Credits: Chris Wright.

Frantically we began calling everyone we knew, asking them if there was anything they could do to help. Many answered, but weren’t sure what they could do. The fires were burning up and down the whole south coast. The situation was so bad that the Rural Fire Service had close the Highways for hundreds of kilometres. 

Our friends and family in town couldn’t make it out, and the fire trucks never did. Then the phone lines went down, and we didn’t hear anything for hours. 

The Prime Minister uploaded a Facebook video. He told us to be “patient and calm”. I wanted to scream.  

Credits: Chris Wright.

Two hours later, a text message came through simply saying “I’m ok”, but with no more information we didn’t know what to make of it, or when it was sent.

Finally, 90 mins later, we made first contact again with my Aunt. She was OK.  

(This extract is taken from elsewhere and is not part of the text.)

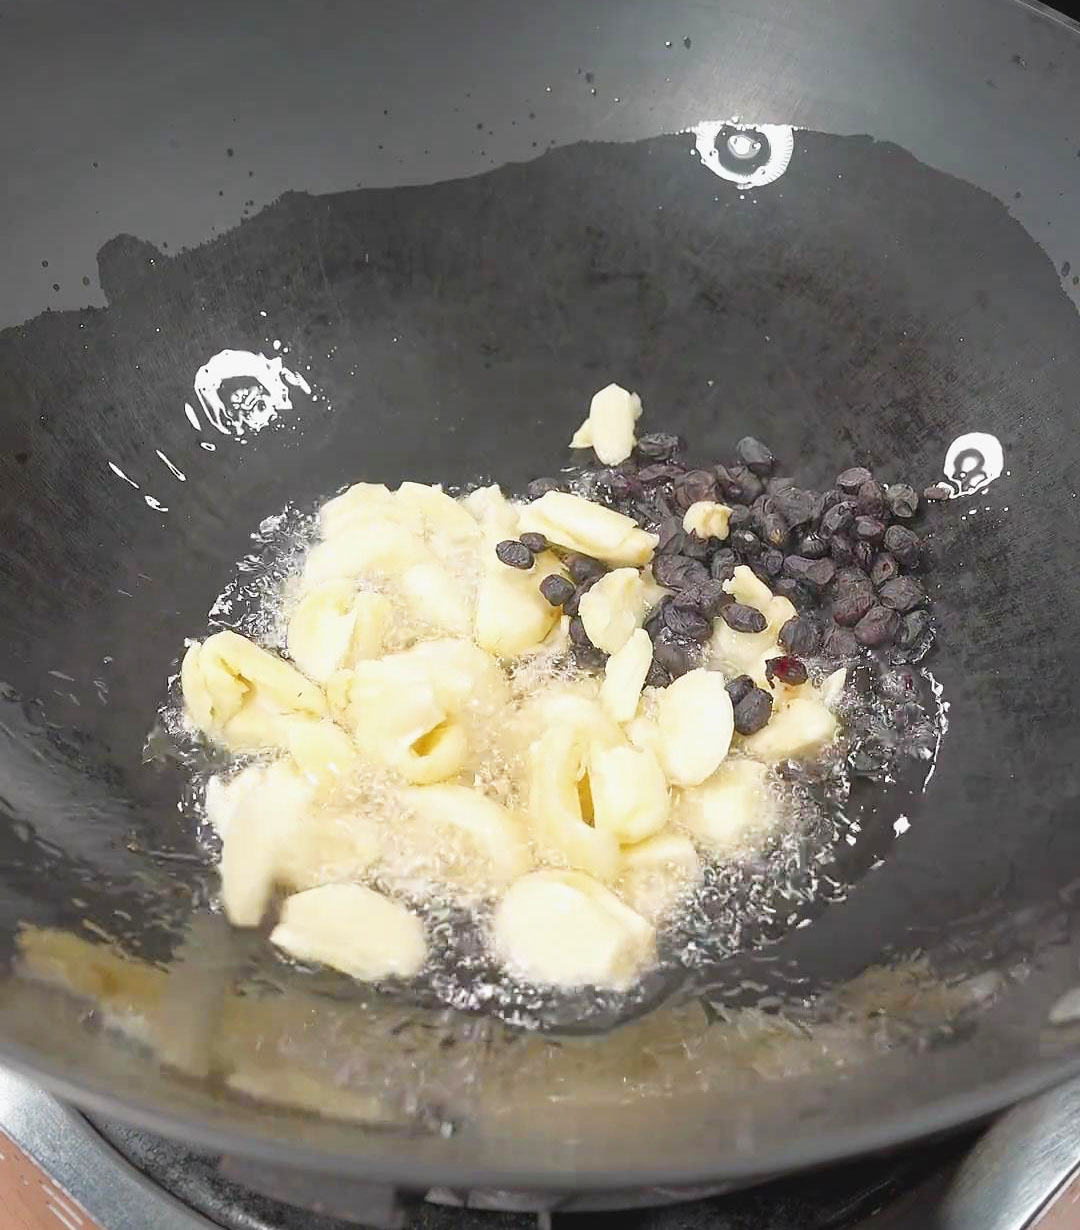 toss in garlic cloves and fermented black beans

After hours of waiting on a response for help, we learned that it was a neighbour that braved impenetrable smoke walls and unpredictable fireballs, drove through paddocks consumed in fire, and helped my aunt and a close family friend escape from the fire that surrounded them. Without his bravery, I am not sure what would have happened. 

“It was so hot you couldn’t stand up. I don’t even want to think about it…” my aunt explained over the phone as she described what had happened. She then began to list all the losses. 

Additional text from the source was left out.